Due to the limitations of related art solutions it would be beneficial to provide a solution whereby the use of higher density memory components requiring ECC support, will not result in significant inefficiencies of utilization.

SUMMARY

To overcome some of the problems noted above, the disclosed teachings provide a memory system with folding error correction. The memory comprises a first memory bank and a second memory bank. A means for generating error correction code for data to be written to said memory system is provided. A means for writing said received data to a location in said first memory bank corresponding to a received address of said received data is provided. Further, a means for generating an error correction code write address in said second memory bank based on said received address. Still further, a means for writing said error correction code to said error correction code write address is provided.

Another aspect of the disclosed teachings is a memory system with folding error correction comprising at least a memory bank. A means for generating error correction code for data to be written to said memory system is provided. A means for writing said received data to a location in said memory bank corresponding to a received address of said received data is further provided. Still further, a means for generating an error correction code write address in said memory bank based on said received address is provided. Still further, a means for writing said error correction code to said error correction code write address is provided.

Yet another aspect of the disclosed teachings is a memory controller with folding error correction comprising a means for accessing a first memory bank. A means for accessing a second memory bank is provided. A means for generating error correction code for received data to be written to said first memory bank is provided. A means for writing said received data to a location in said first memory bank corresponding to a received address of said received data is further provided. A means for generating an error correction code write address in said second memory bank based on said received address is further provided. A means for writing said error correction code to said error correction code write address is further provided.
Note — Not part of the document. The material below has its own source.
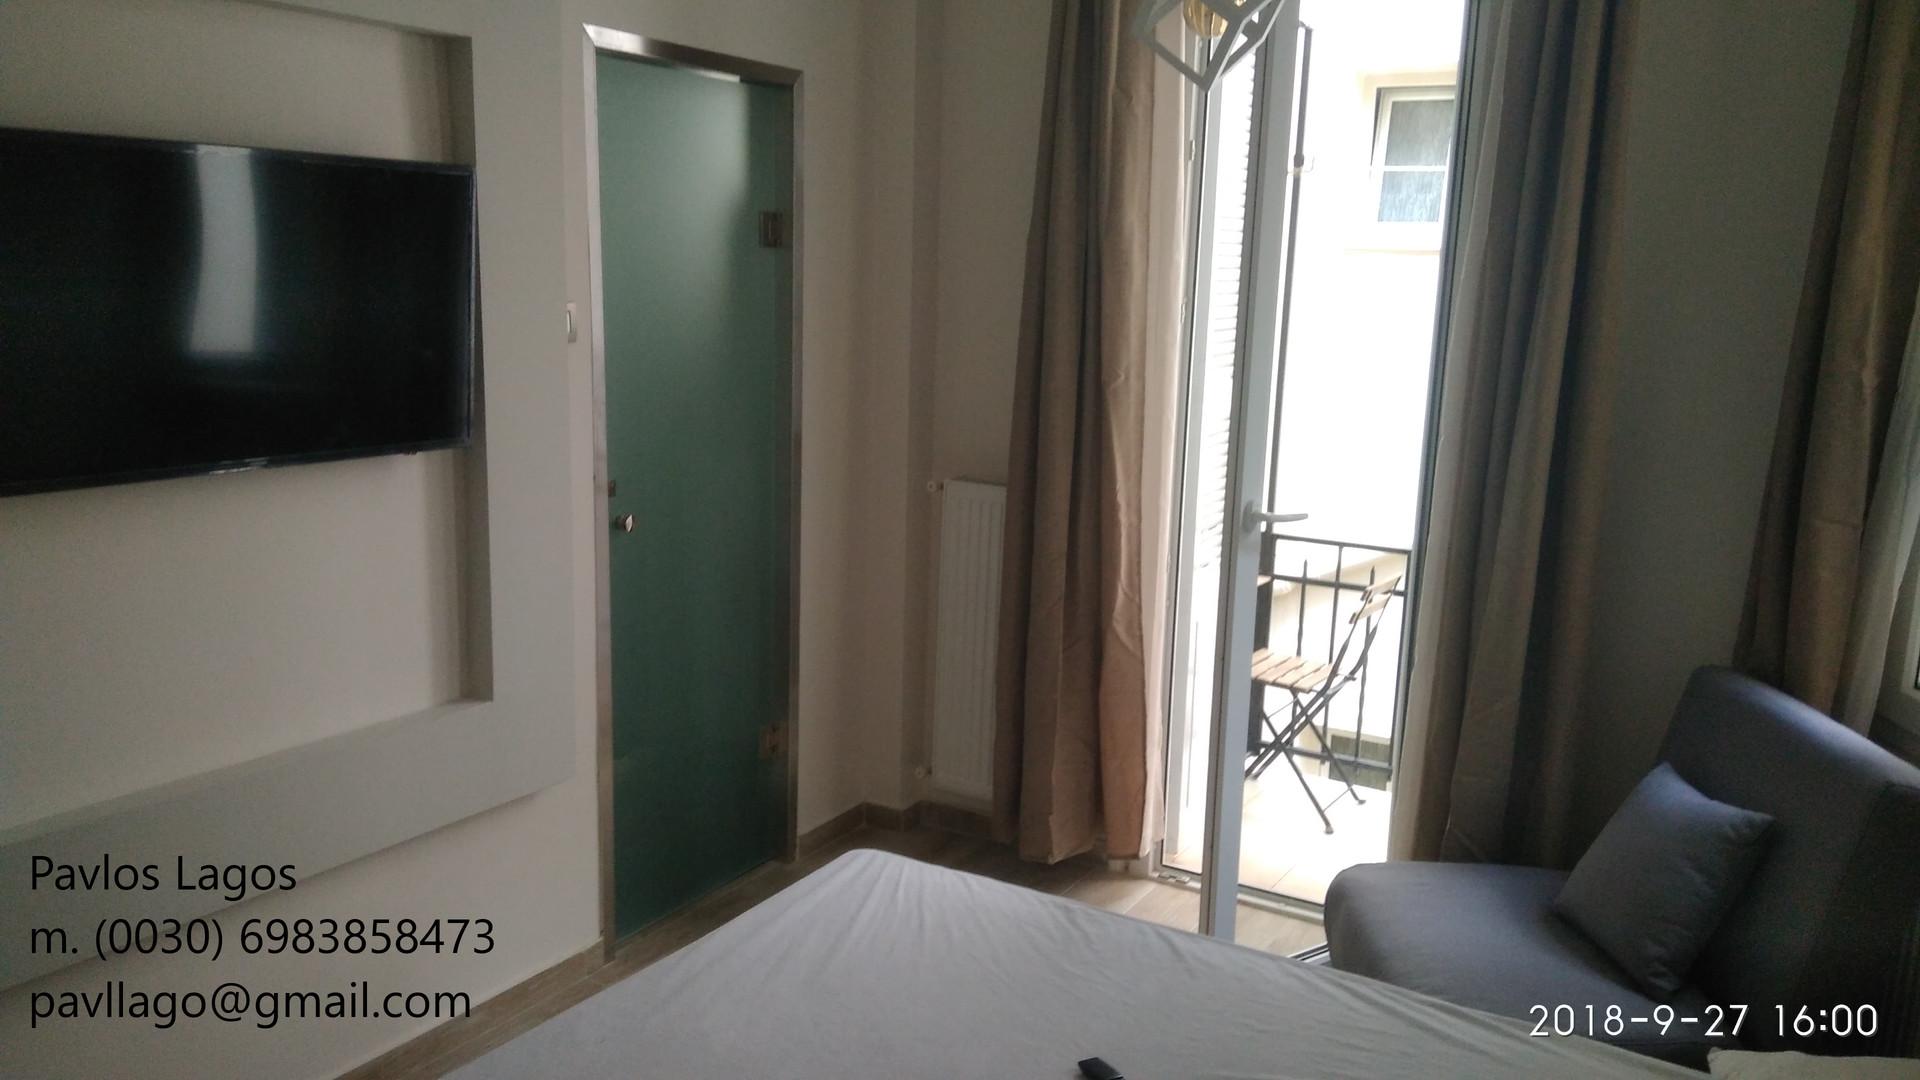 Central apartment in Egnatia 21

Still another aspect of the disclosed teachings is a memory controller with folding error correction, the memory controller comprises means for generating error correction code for data to be written to a memory bank. A means for writing said received data to a location in said memory bank corresponding to a received address of said received data is provided. A means for generating an error correction code write address in said memory bank based on said received address is further provided. A means for writing said error correction code to said error correction code write address is further provided.

Still another aspect of the disclosed teachings is a method for placing an error correction code respective of a data received by a memory controller with folding error correction. The method comprises writing said data into a first memory bank of the memory. The error correction code respective of said data is generated. An address in a second memory bank of the memory is generated. The error correction code is written to said address in a second memory bank.

Still another aspect of the disclosed teachings is a method for retrieving data and its respective error correction code of a read address received by a memory controller with folding error correction. The method comprised reading the data from a first memory bank of the memory. An address of a second memory bank of the memory for retrieval of said respective error correction code is generated. The error correction code respective of said data is retrieved. The data read is returned after error correction.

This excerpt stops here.